Data excerpt:
────────────────

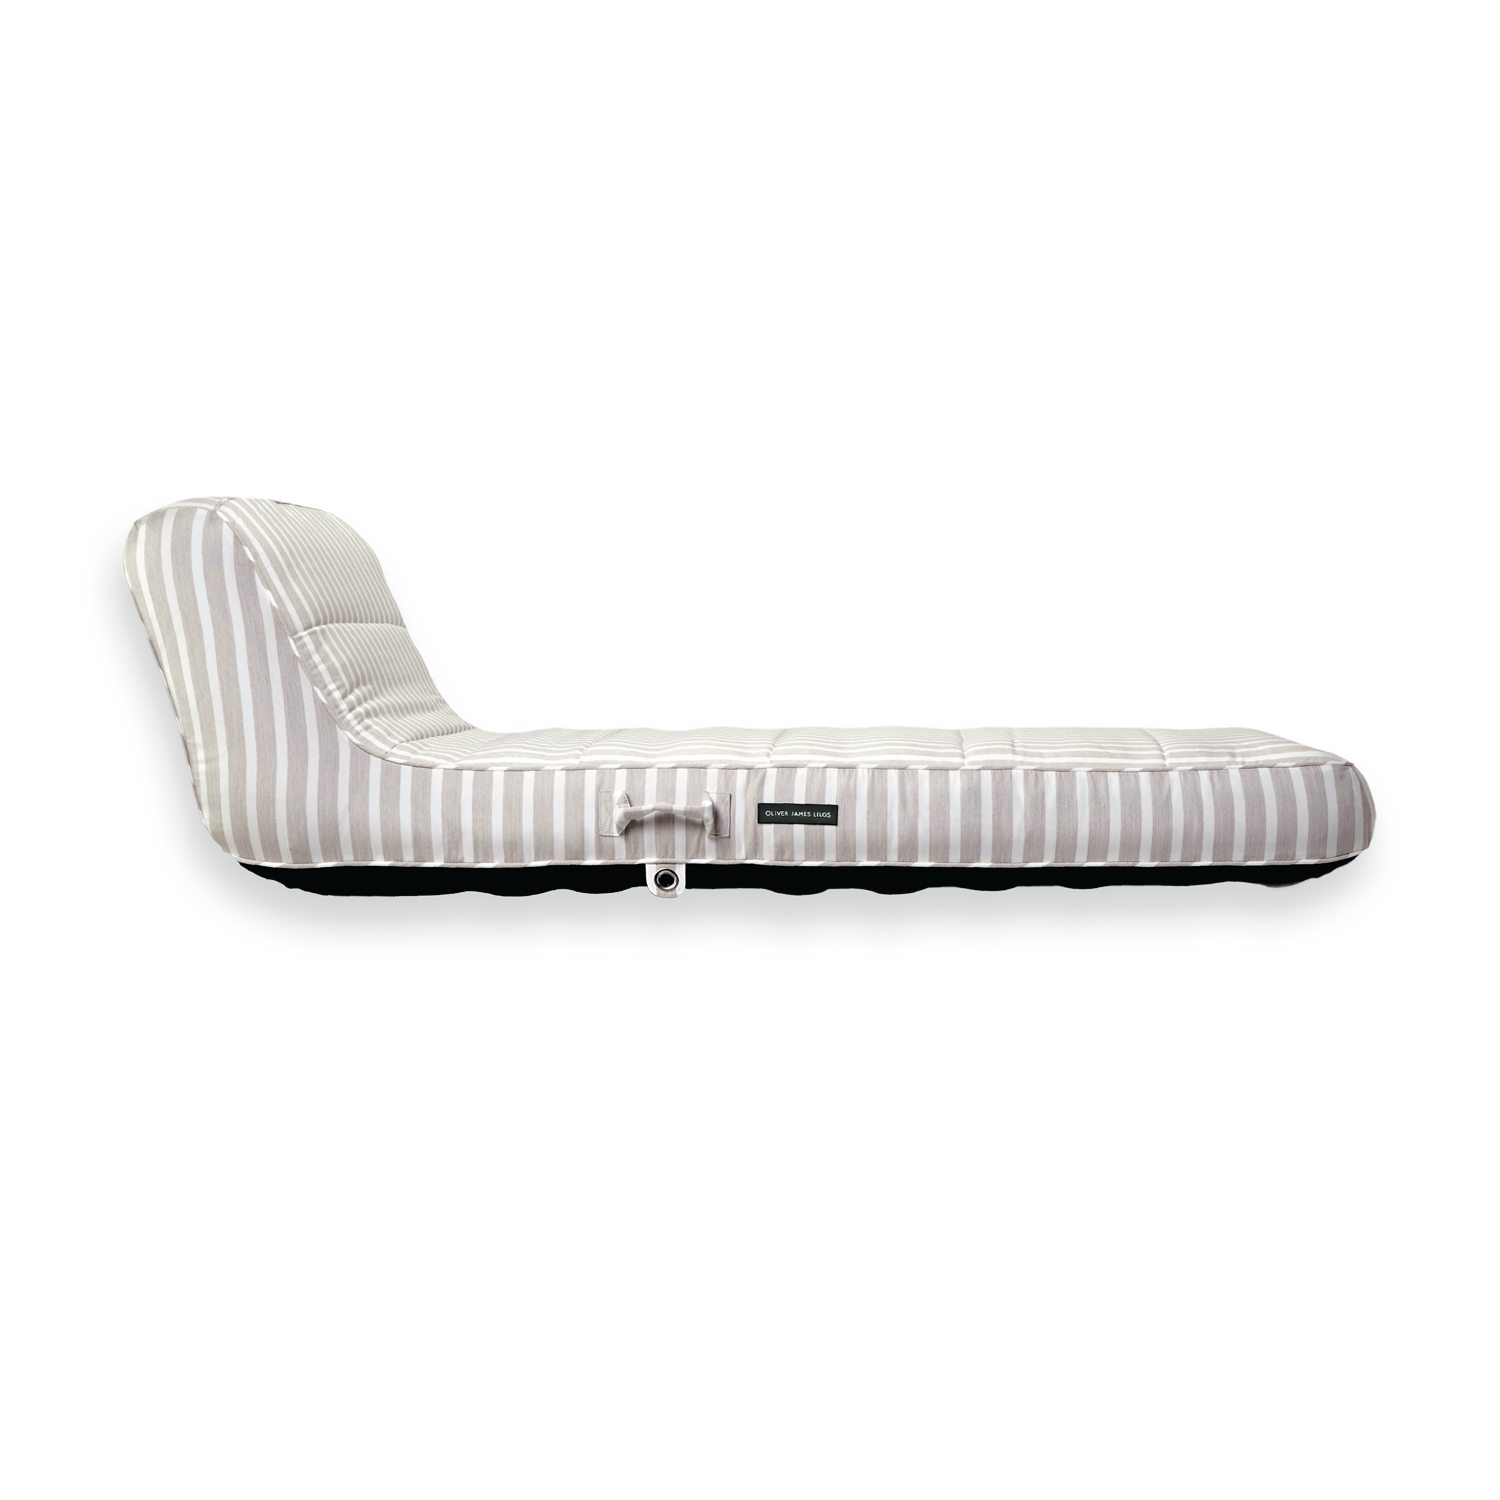 The side of a luxury pool float in white and beige striped fabric.
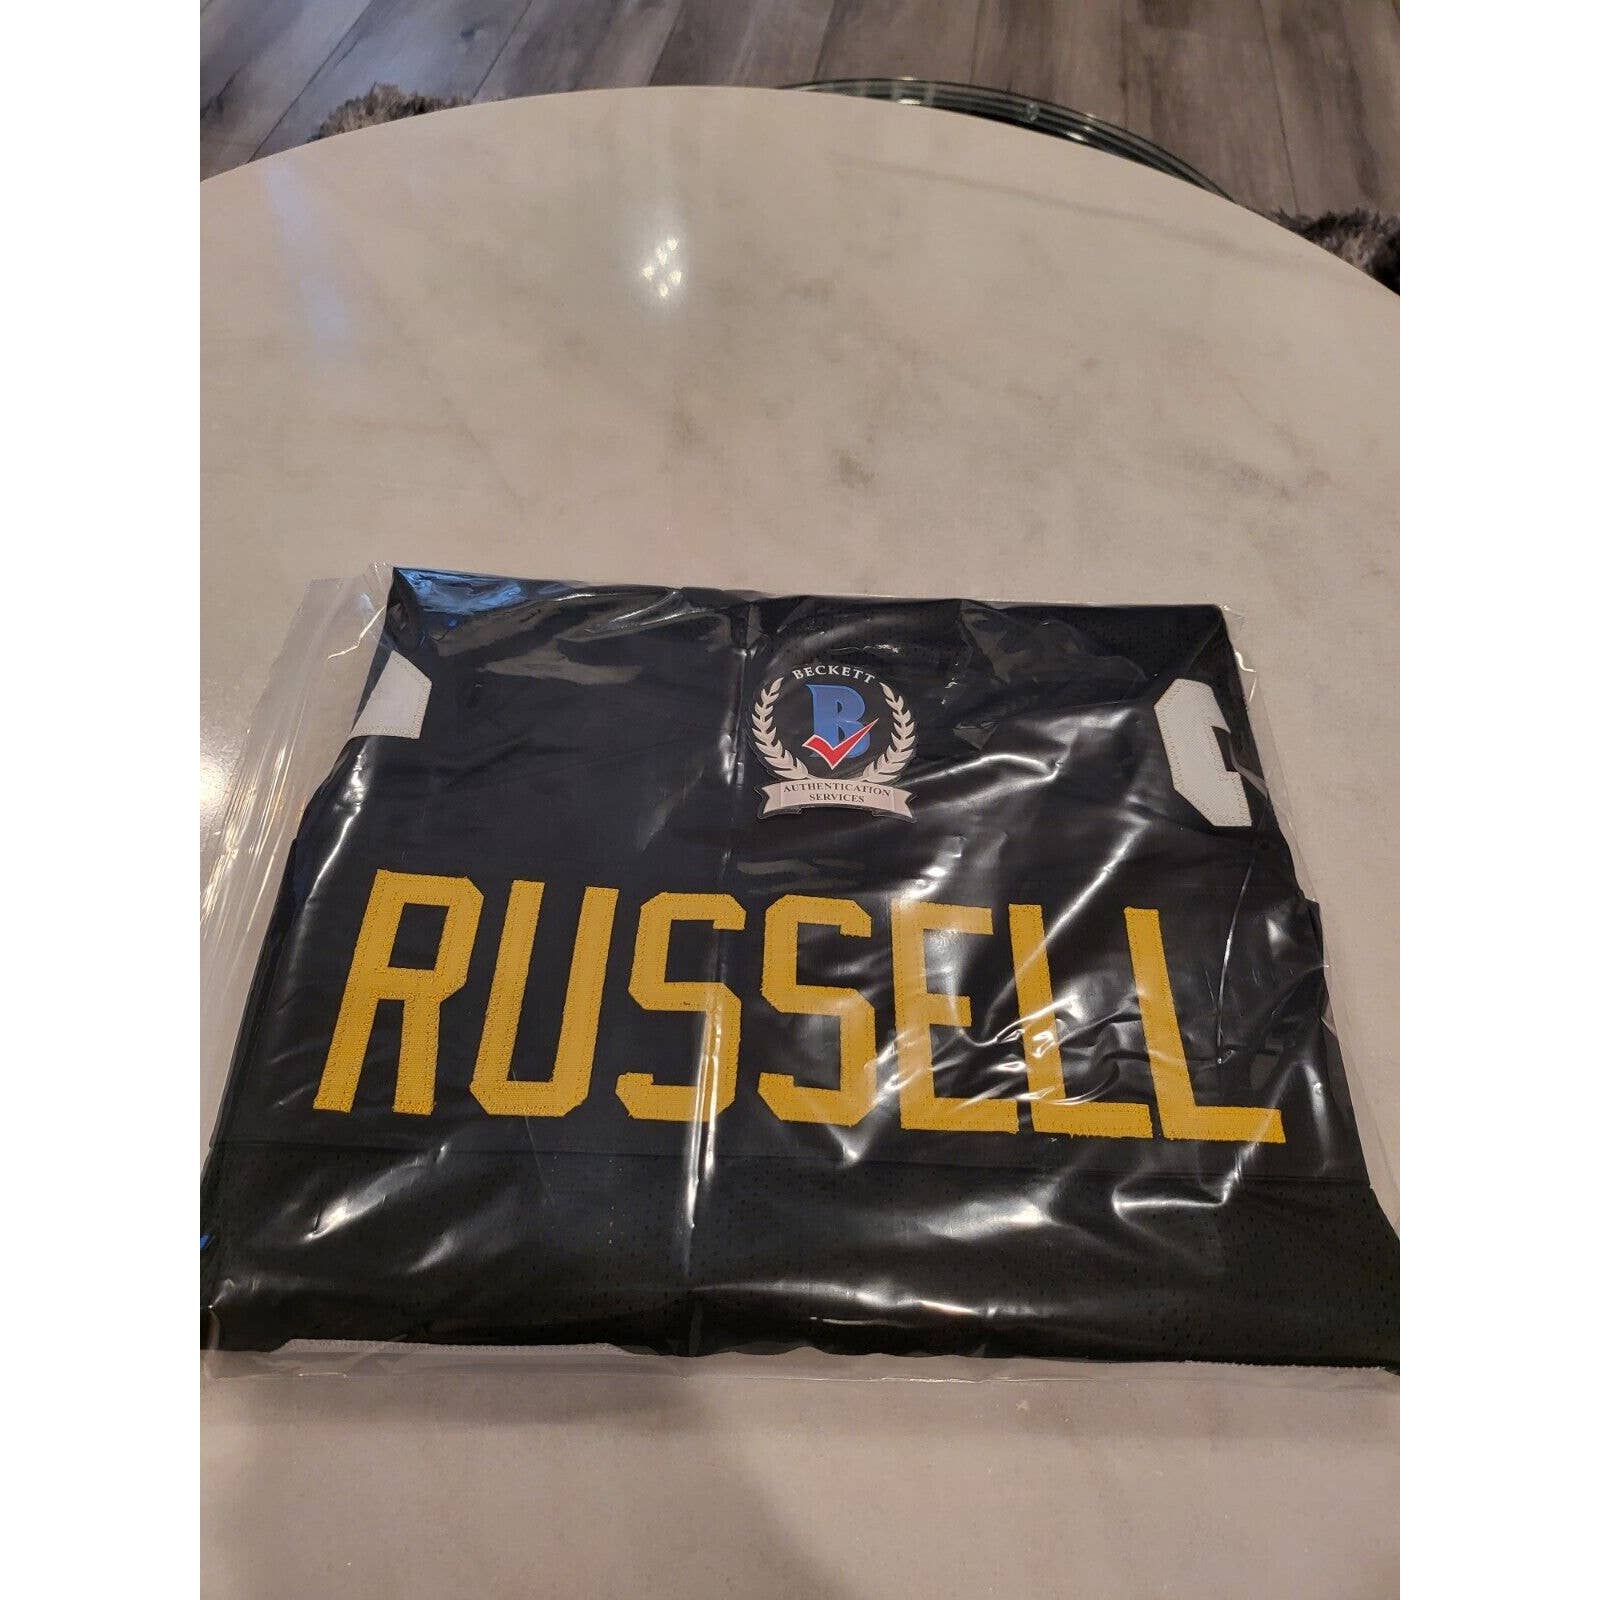 Andy Russell Autographed/Signed Jersey Beckett COA Pittsburgh Steelers - TreasuresEvolved
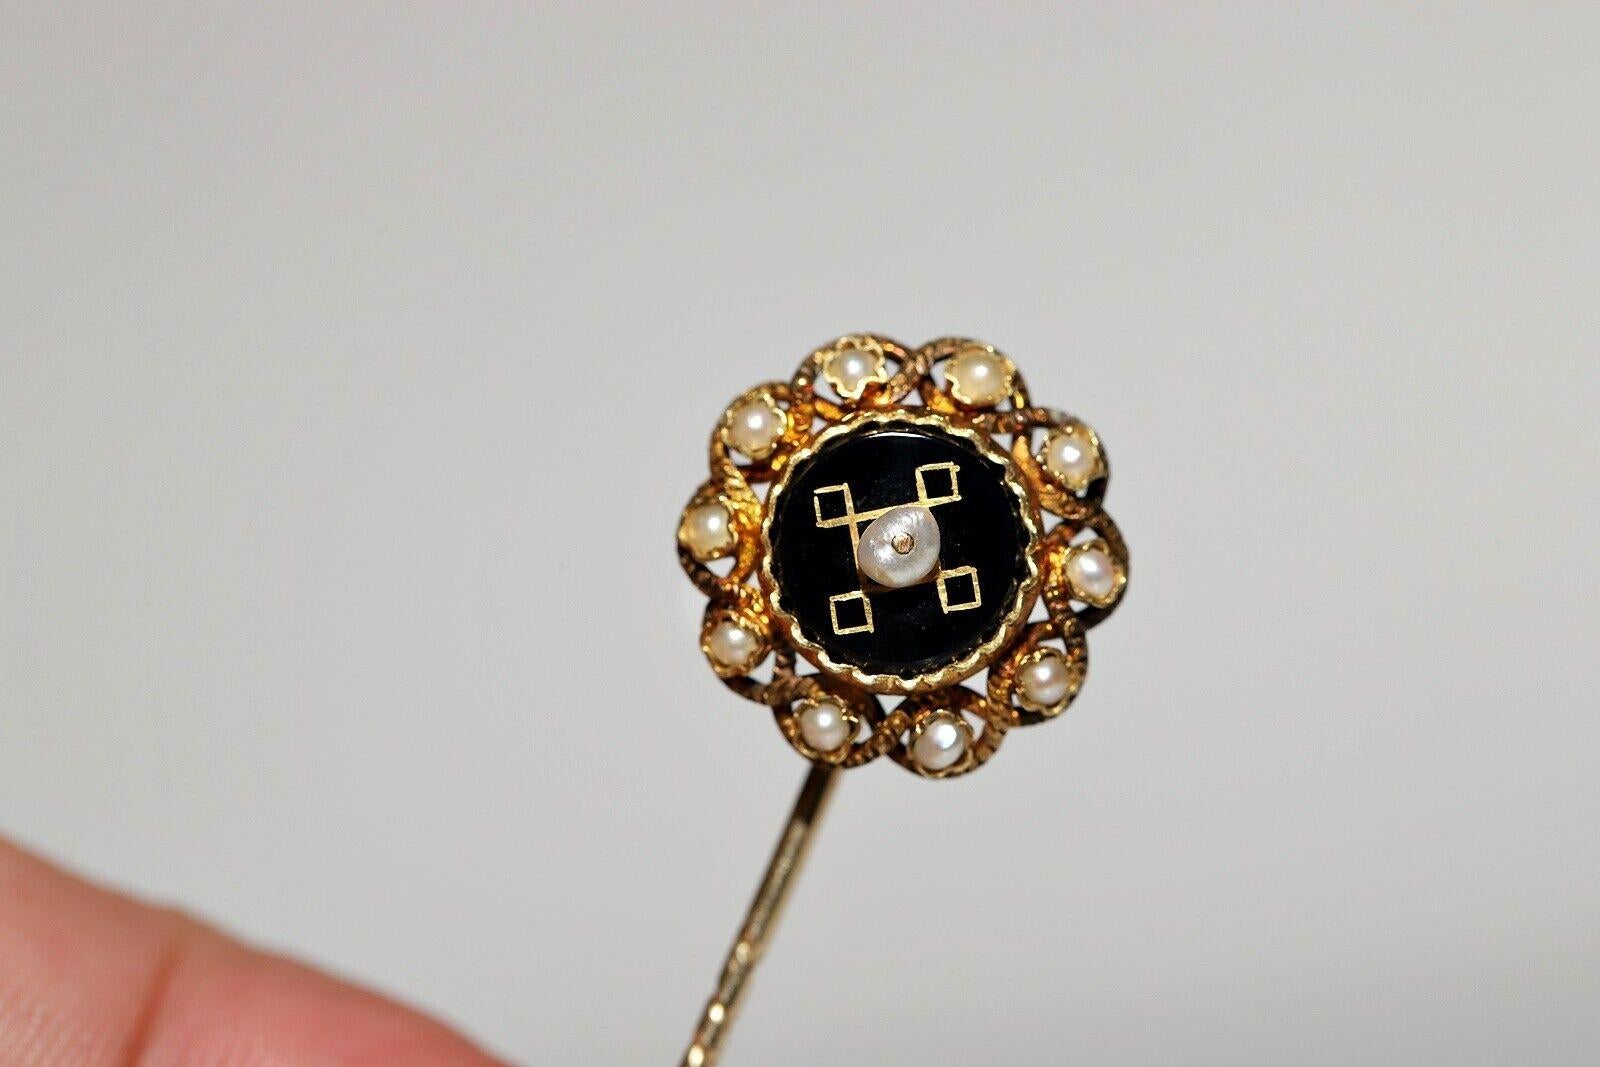  Antique Original Circa 1900s 14k Gold Natural Pearl And Onyx Decorated Brooch For Sale 2

────────────────

Problem to work on: Please give the material above again in full, with no pictures in your version.

Response area:
 The side of a luxury pool float in white and beige striped fabric.
 Andy Russell Autographed/Signed Jersey Beckett COA Pittsburgh Steelers - TreasuresEvolved
  Antique Original Circa 1900s 14k Gold Natural Pearl And Onyx Decorated Brooch For Sale 2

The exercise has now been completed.